- Church: Catholic Church
- Diocese: Diocese of Tanjore
- In office: 12 September 1986 – 28 June 1997
- Predecessor: Rajarethinam Arokiasamy Sundaram
- Successor: Devadass Ambrose Mariadoss
- Previous posts: Archdiocese of Bengaluru (1971-1986) Bishop of Ootacamund (1971)

Orders
- Ordination: 12 December 1946
- Consecration: 28 April 1971 by Duraisamy Simon Lourdusamy

Personal details
- Born: 20 February 1921 Kombeikadu (north of Yercaud), Presidency of Fort St. George, British Raj, British Empire
- Died: 22 May 2003 (aged 82)

= Packiam Arokiaswamy =

Indian Roman Catholic bishop

Archbishop Packiam Arokiaswamy (20 February 1921 - 22 May 2003) was an Indian prelate and bishop for the Roman Catholic Diocese of Tanjore.
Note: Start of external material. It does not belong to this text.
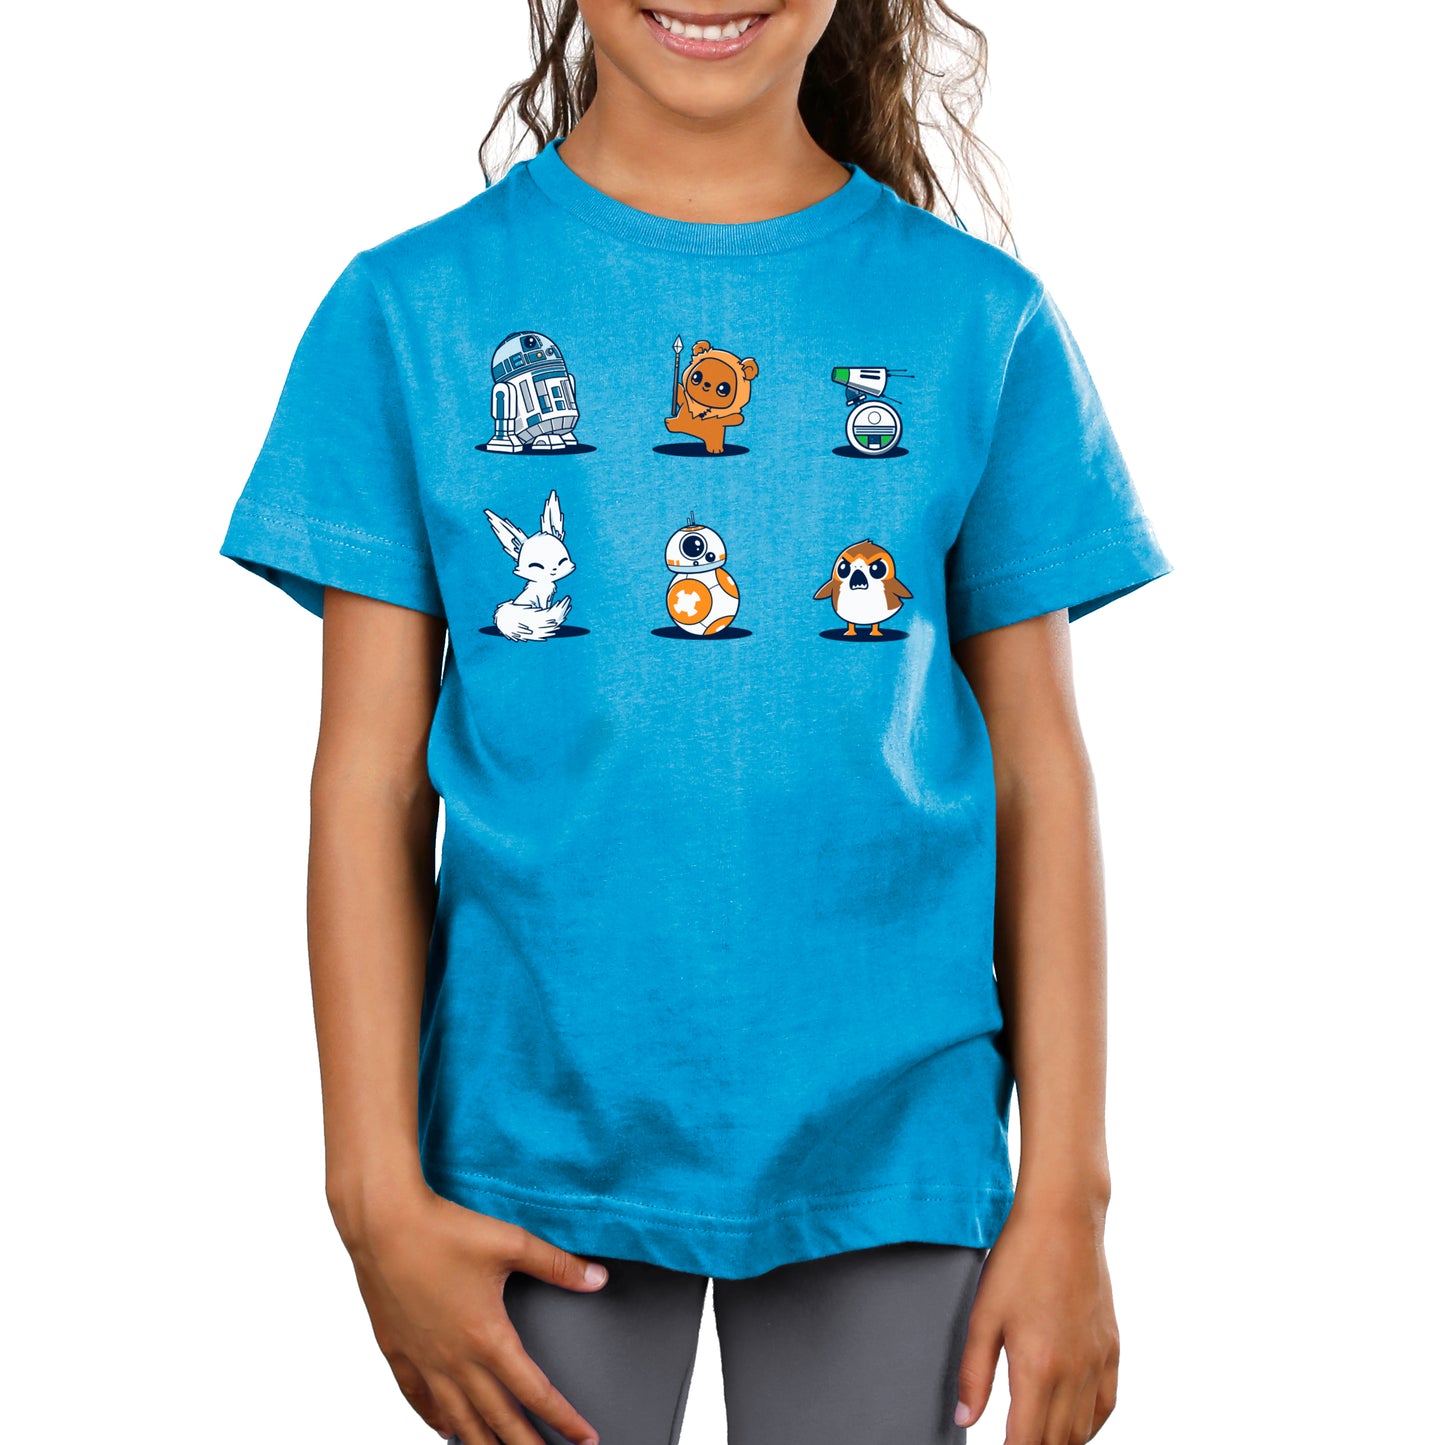 A young girl wearing a blue Star Wars Cuties t-shirt.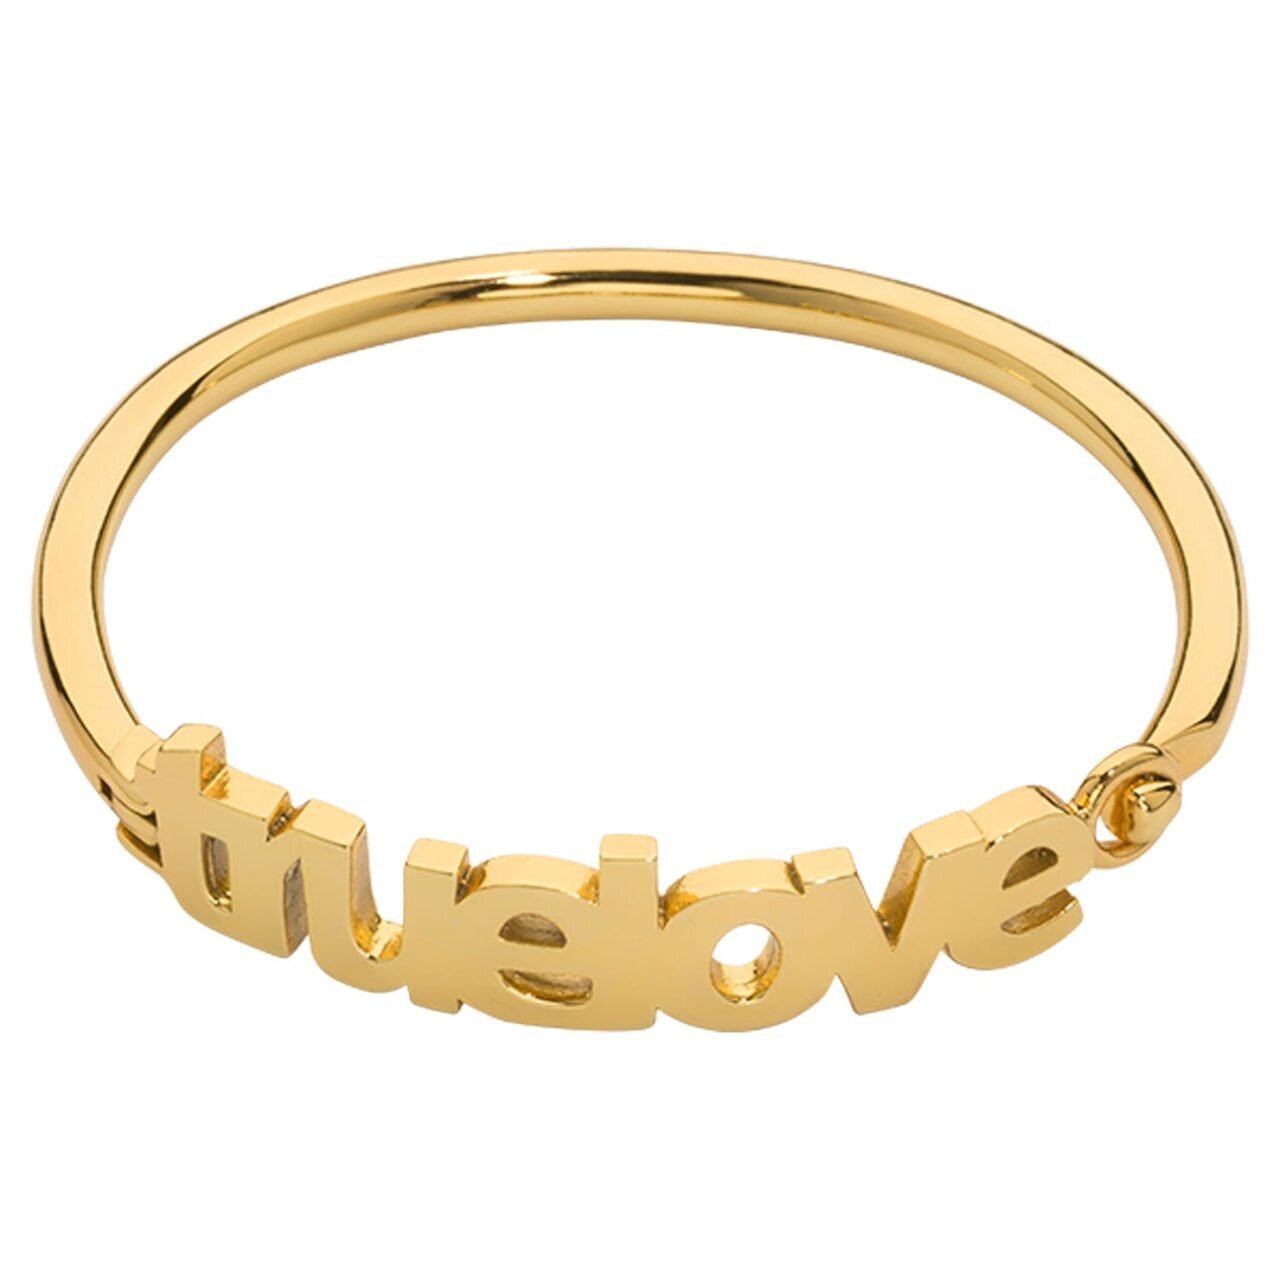 Nikki Lissoni Bracelet with True Love Tag Gold-plated 17cm B1134G17

Born in Kombeikadu in 1921 he was ordained a priest in 1946. On 16 January 1971, he was nominated as Bishop of Ooty and was consecrated as bishop on 28 March 1971. However within a few months, on 6 December 1971, he was promoted to Archdiocese of Bengaluru. He was appointed bishop of Tanjore on 12 September 1986. Though he was appointed Bishop of Tanjore, the Vatican allowed him to retain the title of Archbishop (Personal title). He was thus referred to as Archbishop Packiam Arokiasamy, Bishop of Tanjore. He retired 28 June 1997. He died in 2003.